What you need to do
Return each line exactly, beginning with the one that has "#AirSial - The Pride of #Pakistan" and finishing with the final line of the material. Drop any pictures.

The data
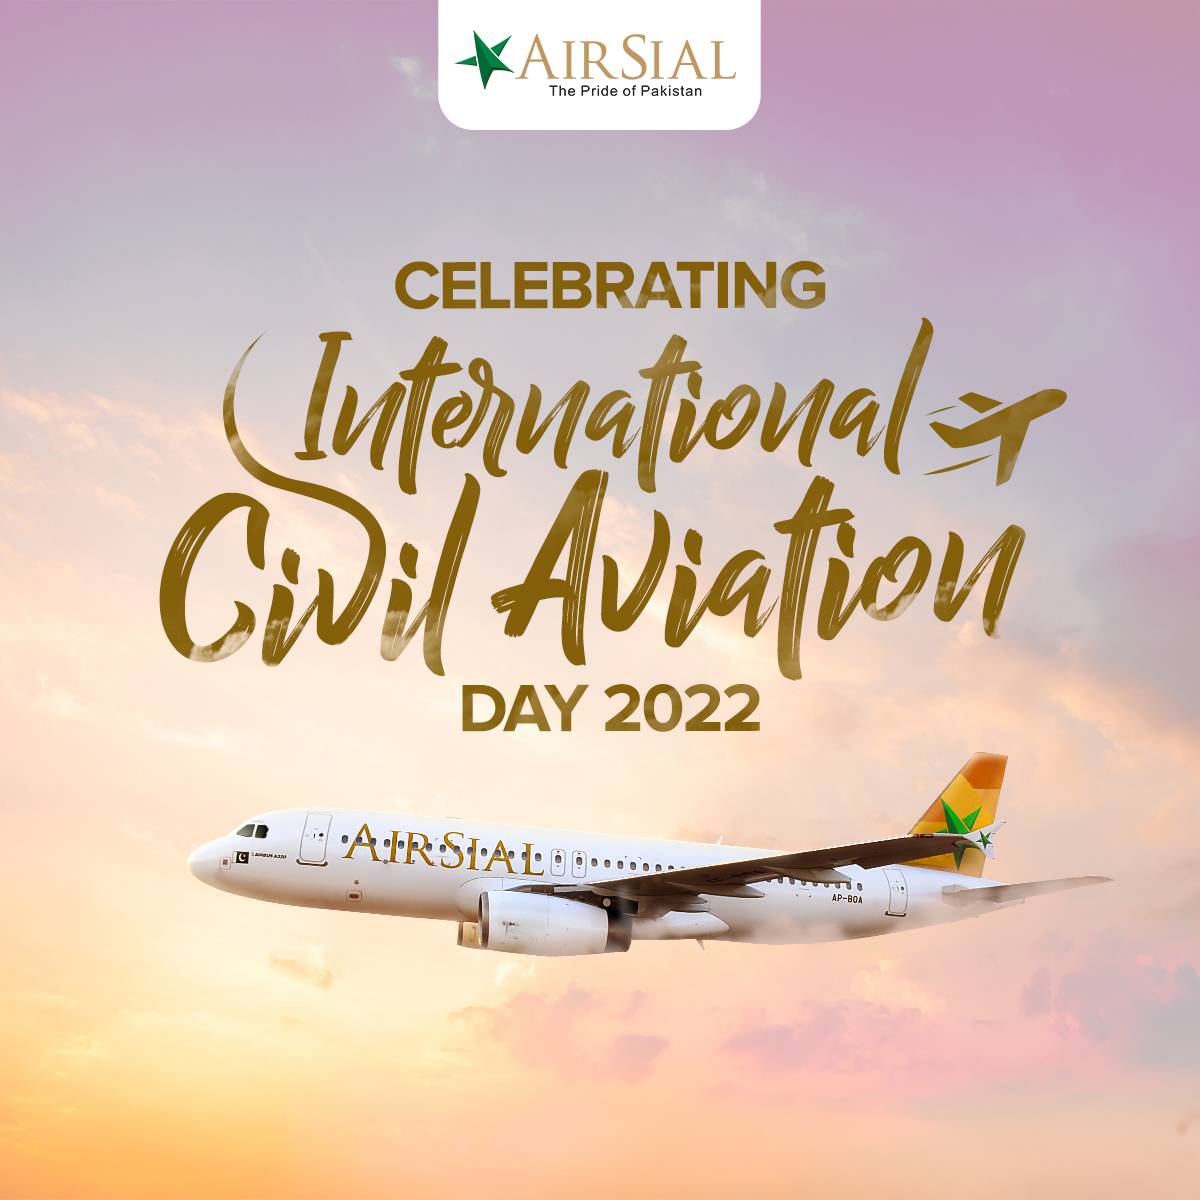 Celebrating #InternationalCivilAviationDay 2022 ✈️
#AirSial - The Pride of #Pakistan
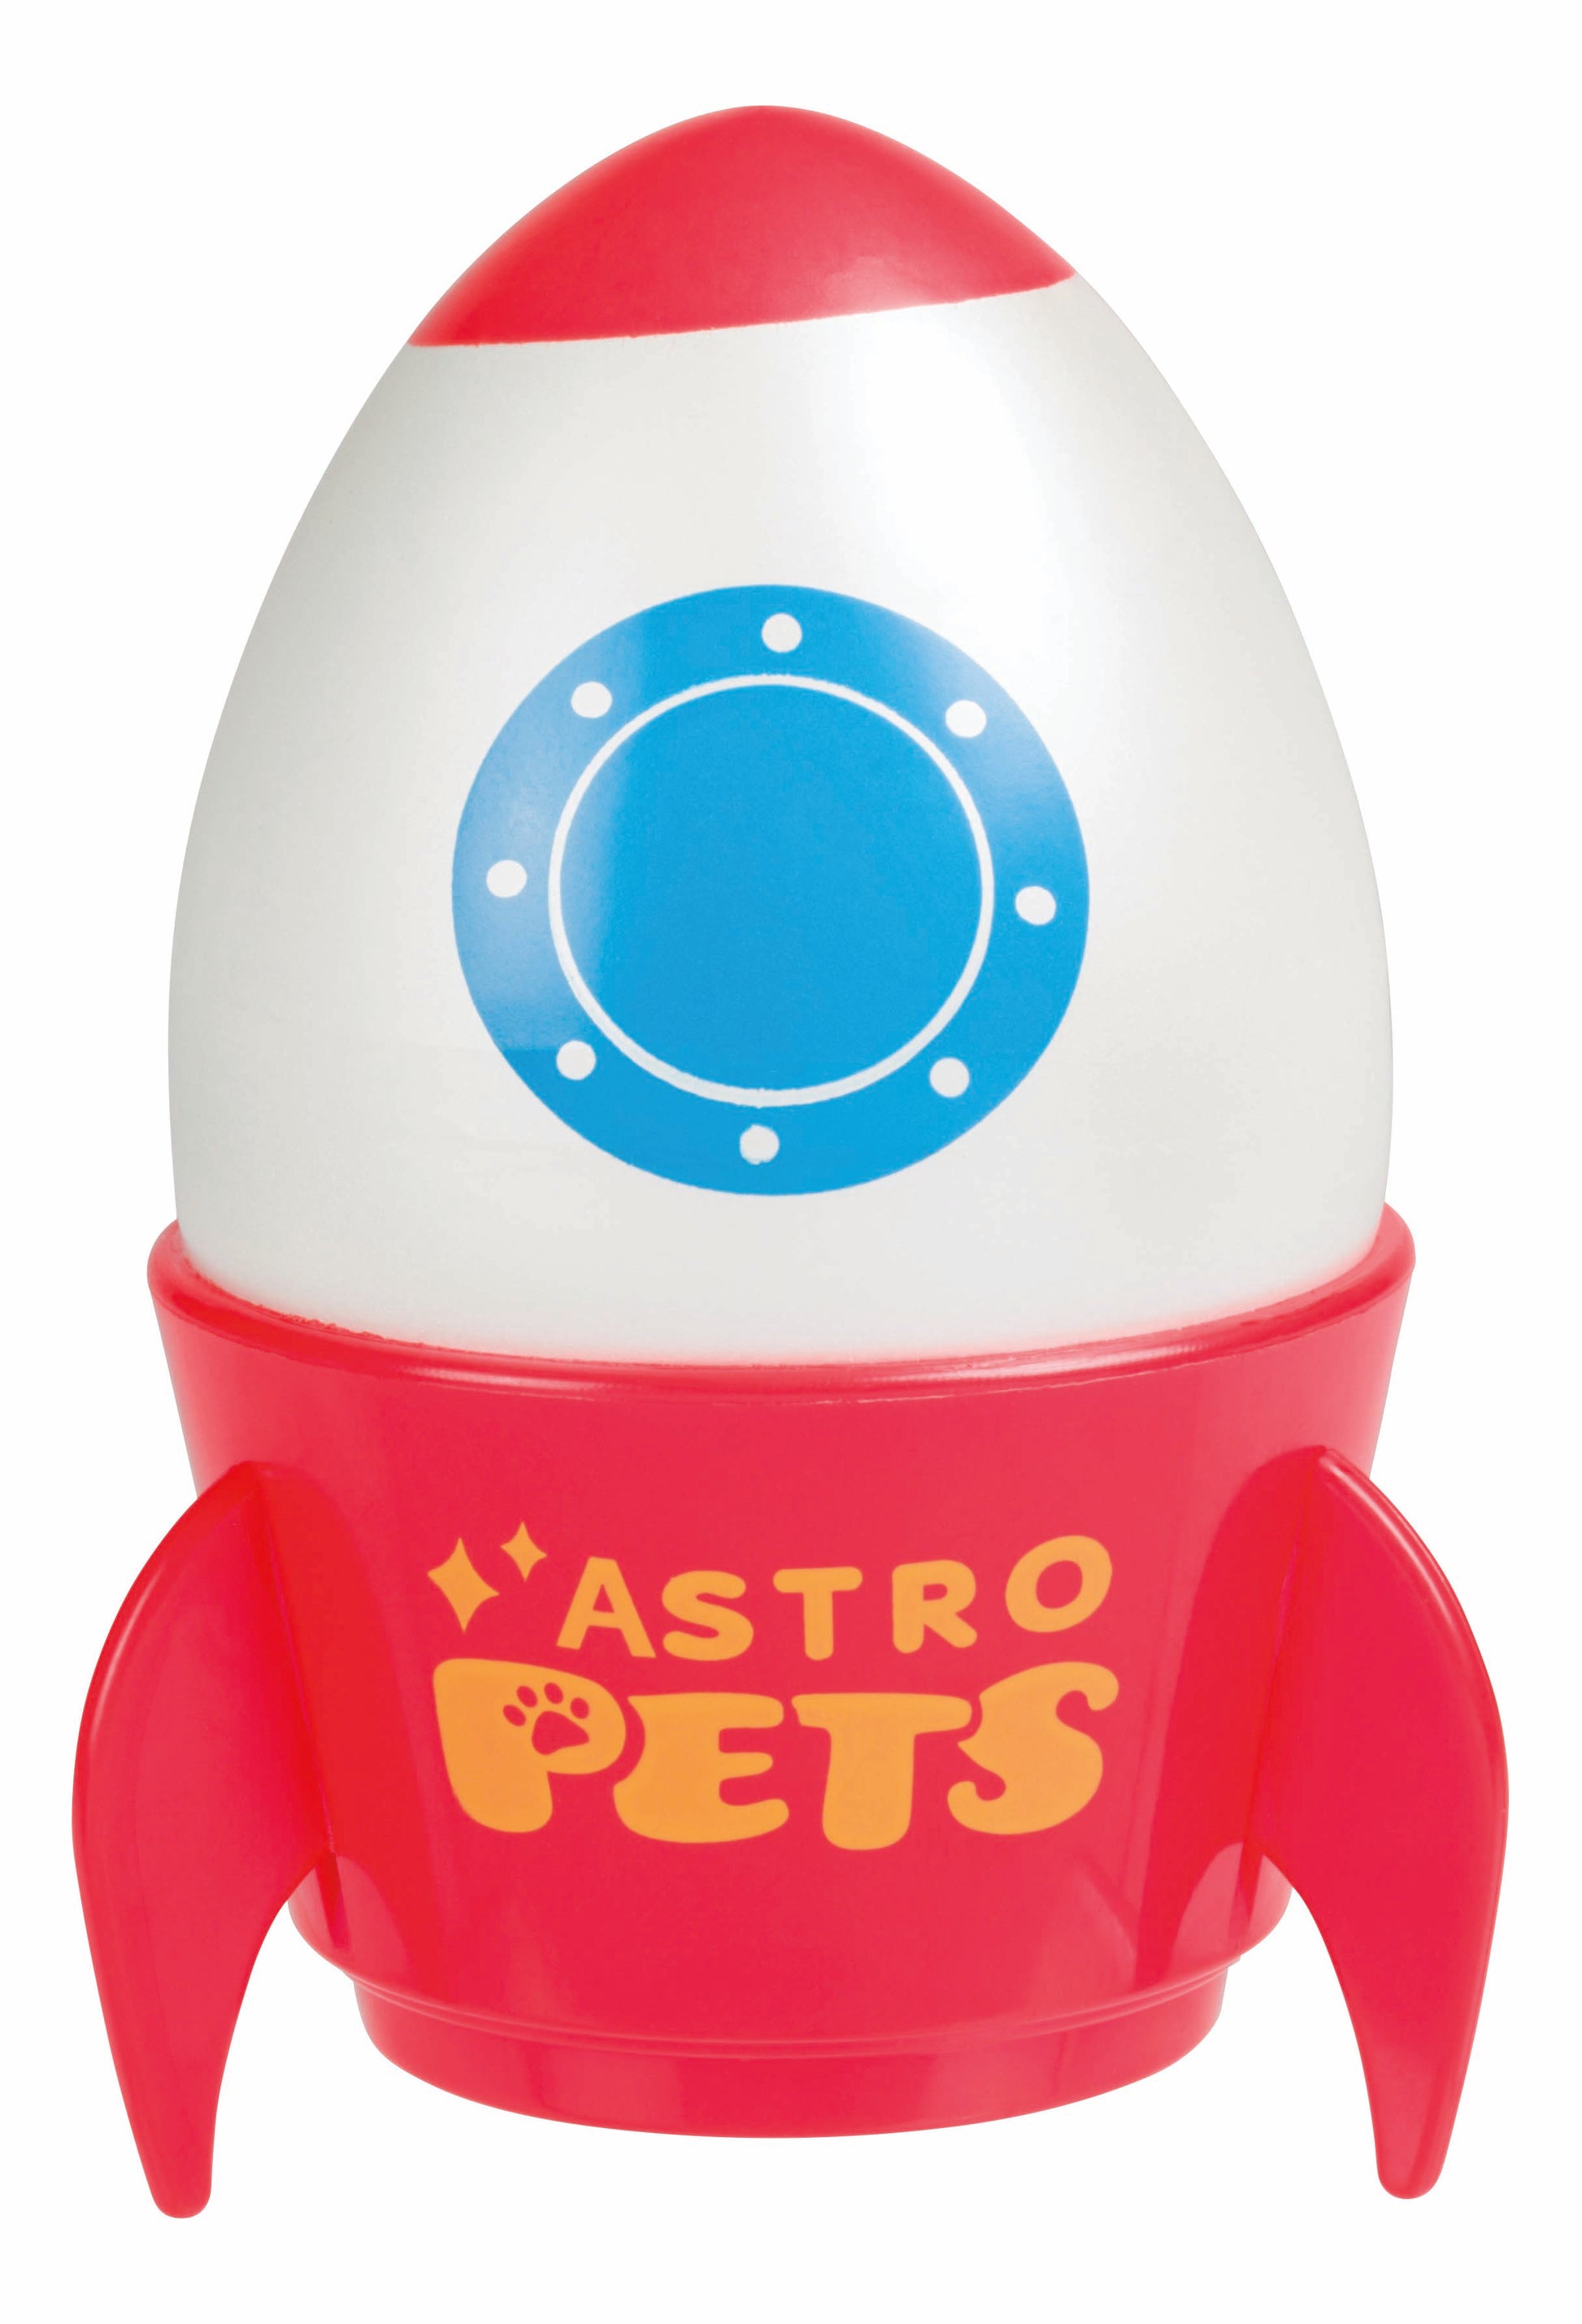 Toysmith Astro Grow Pets
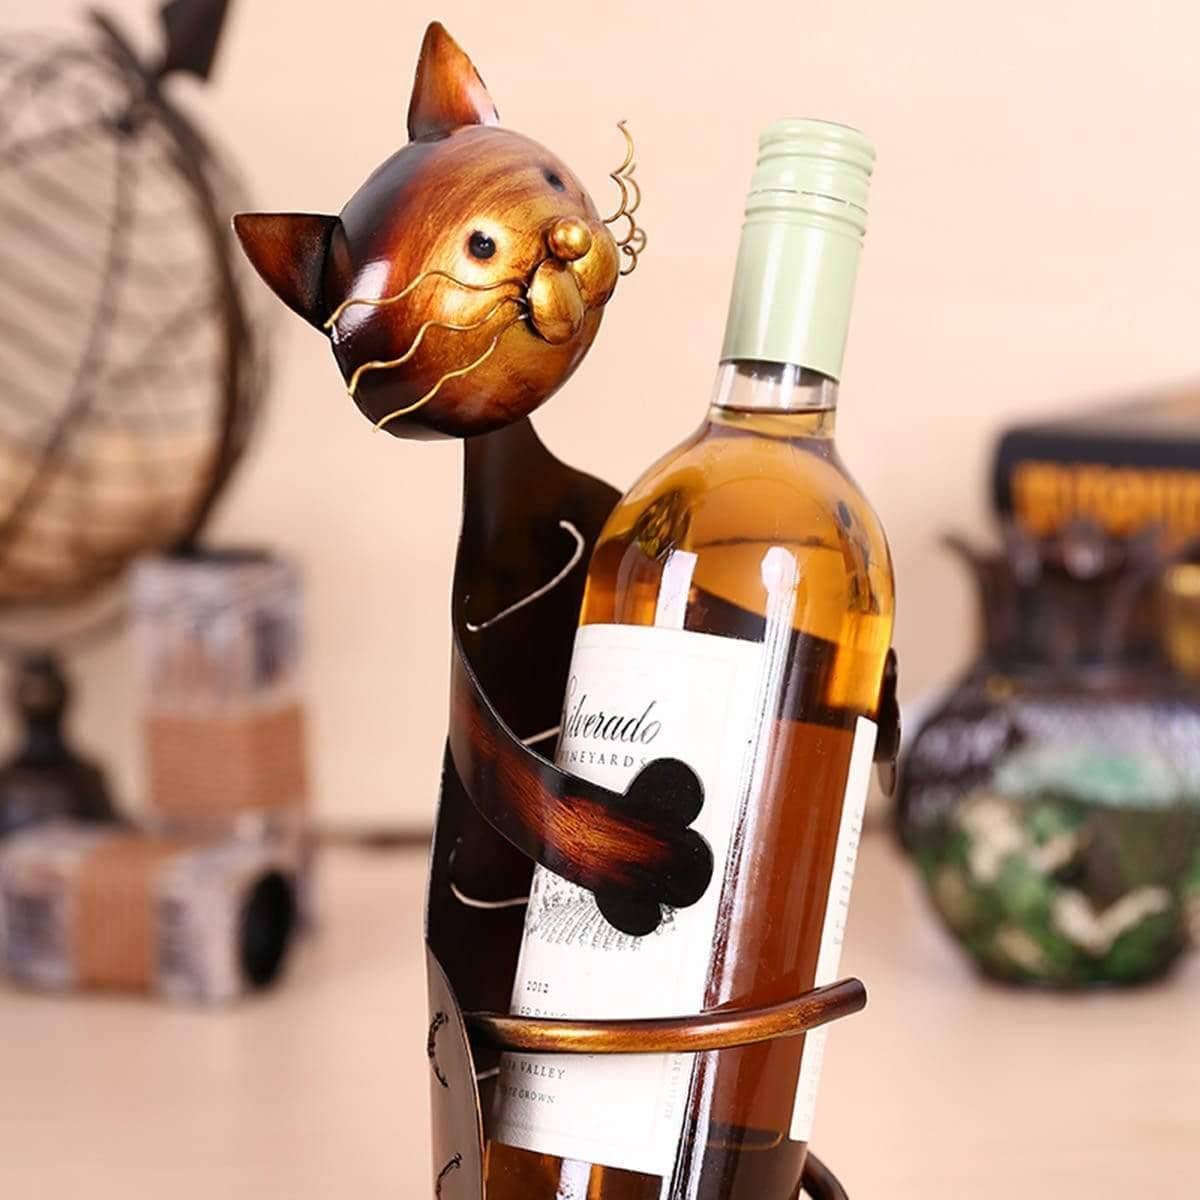 Cat Hug Wine Bottle Holder Rack - Cozy Up with Your Favorite Wine

Response area
#AirSial - The Pride of #Pakistan
 Toysmith Astro Grow Pets
 Cat Hug Wine Bottle Holder Rack - Cozy Up with Your Favorite Wine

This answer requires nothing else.